It should, therefore, come as no surprise to anyone that their latest record is a collection of Nick Cave & The Bad Seeds cover versions, with a 14-year-old girl from Leeds on lead vocals. The seed for Where The Viaduct Looms was sown when Nell Smith went to see The Flaming Lips in Calgary dressed as a parrot. Lead singer Wayne Coyne noticed her from the crowd, befriended her family, and has acted as a musical mentor to Smith over the last few years.
When discussing a collaboration, Coyne suggested to Smith that they perform some Nick Cave songs – an artist 50 years her senior who she’d never heard of before. It’s a concept that really shouldn’t work, but somehow does. Cave’s songs, usually so full of menace, mystique and melancholy, are given new light under Smith’s light, airy voice, and the fact that she was unfamiliar with the source material means that no tracks are treated with any over-reverence.
All the covers are pretty faithful to the originals, so there shouldn’t be too much outrage from any Cave purists. Girl In Amber still manages to sound impossibly sad and slightly eerie, and O Children builds steadily upwards in its intensity. Some of the covers even rival Cave’s versions for effectiveness – A Weeping Song and The Ship Song are both gorgeous renditions with Smith being perfectly backed by the Lips’ trademark woozy electronica.
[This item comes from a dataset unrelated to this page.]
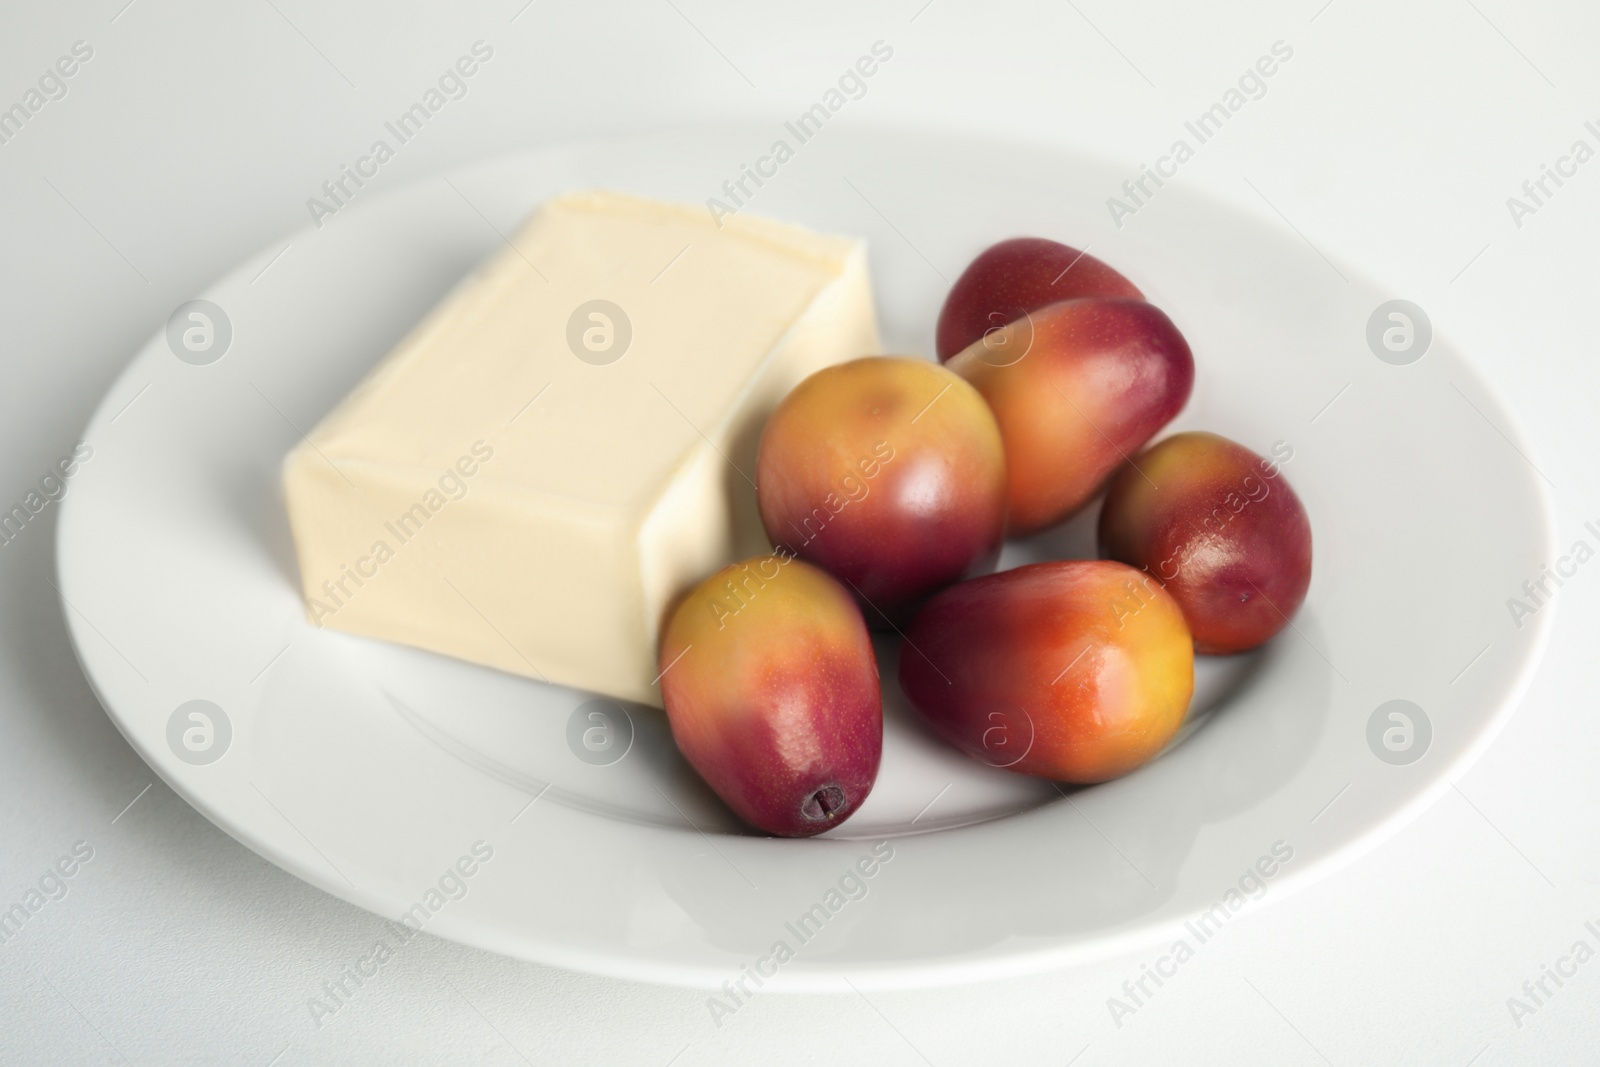 Image of Plate with butter and palm oil fruits isolated on white

The track selection will be familiar to any casual Cave fan, with two of his best known songs, Into My Arms and Red Right Hand both featuring. Wisely, Coyne has stayed away from Cave’s more menacing murder ballads (we can only imagine how unsettling Stagger Lee would be as sung by a teenager) – Into My Arms in particular seems to have a new dimension added to it, the stately beauty of the original being transformed into a twinkly, spacey ballad.
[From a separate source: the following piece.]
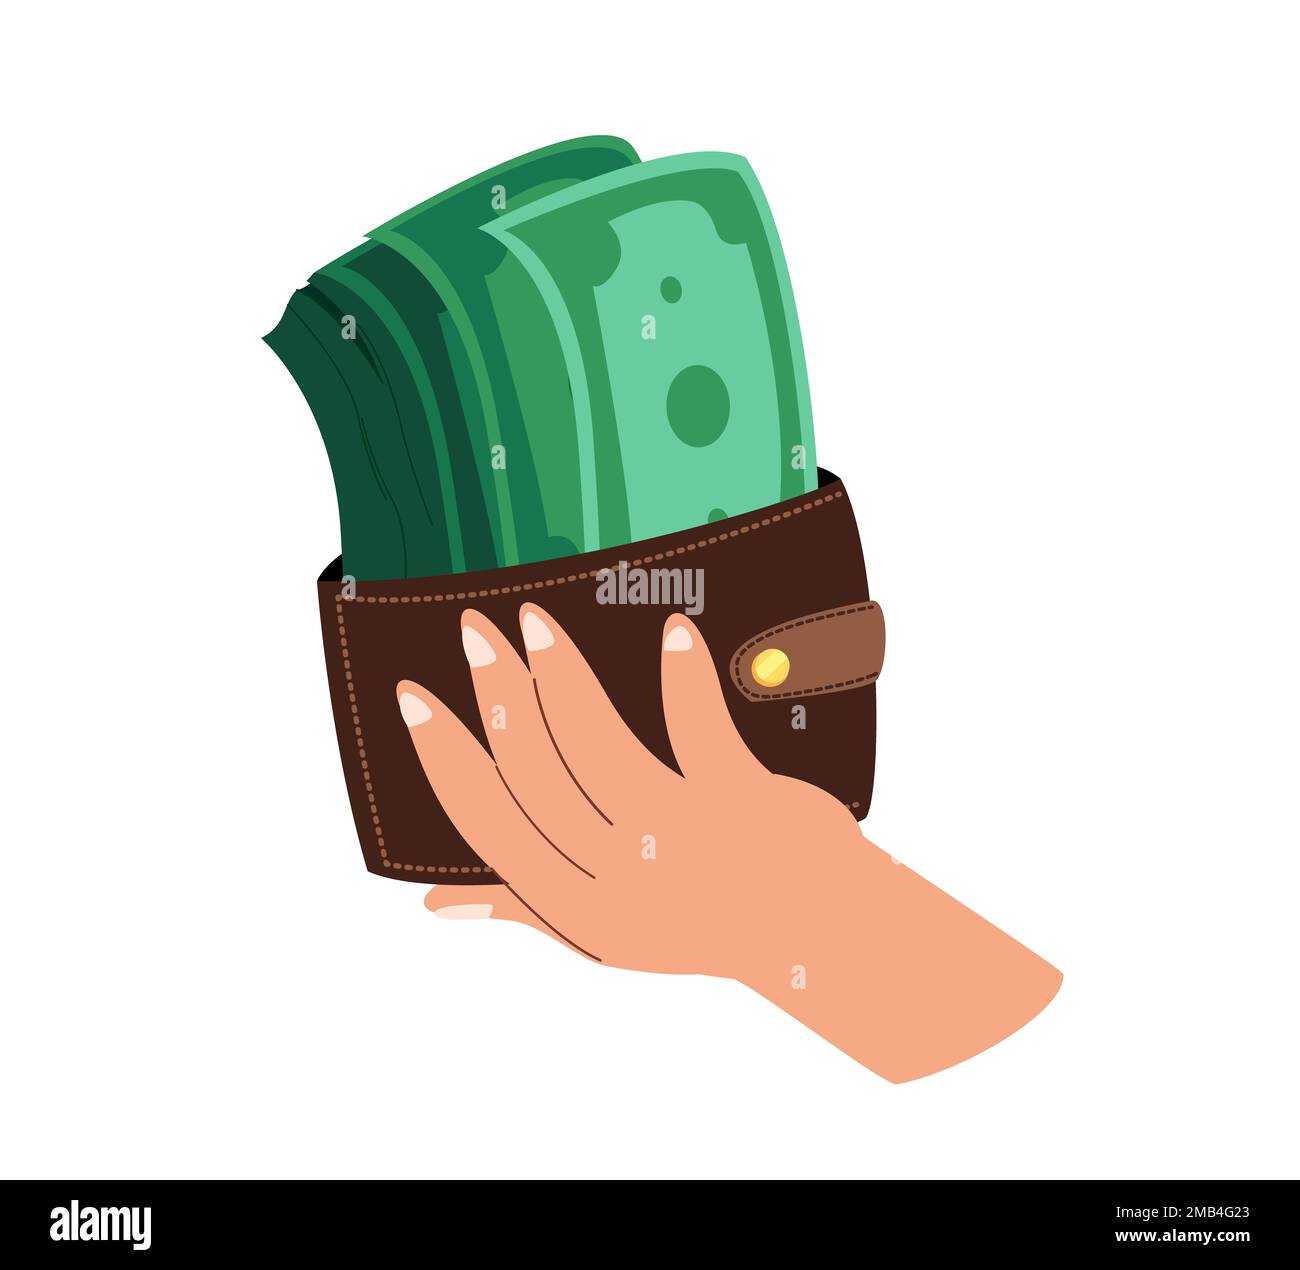 Hand Palm holding wallet with pile of money,Green Bills,Notes.Cash money,Finance Accumulation.Deposit,Financial capital,wealth,profit,savings concept. Stock Photo
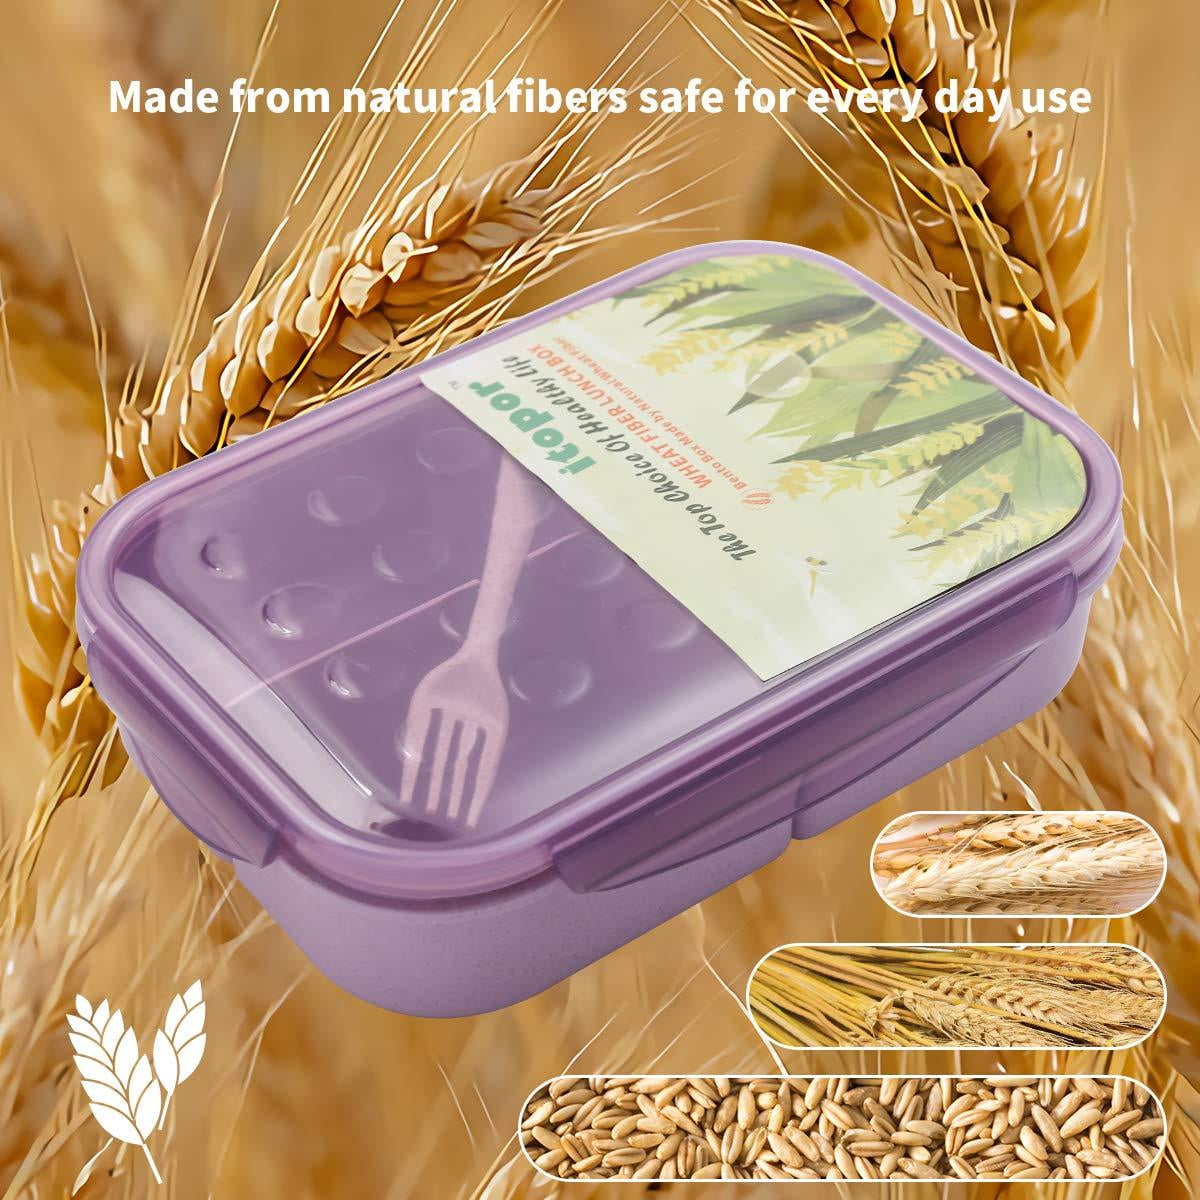 Itopor® Lunch Box,Natural Wheat Fiber Materials,Ideal Bento Box for Kids  and Adults,Leak Proof Kids …See more Itopor® Lunch Box,Natural Wheat Fiber

Some parts don’t quite work. Red Right Hand has taken on a new familiarity since being used as the theme tune to Peaky Blinders and has been covered by a multitude of artists in recent years, so its appearance on Where The Viaduct Looms doesn’t have the impact it should. No More Shall We Part isn’t that suitable for Smith’s voice, but the closing We Know Who You Are redeems matters: it makes for a suitably contemplative and unsettling end to the album.
Whether this is just a one-off or the start of more regular collaborations between Nell Smith and The Flaming Lips remains to be seen. It remains a fine showcase for a talented young singer though, and if this unlikely pairing were to team up again, it would be fascinating to hear her tackle some of her, or Coyne’s original songs.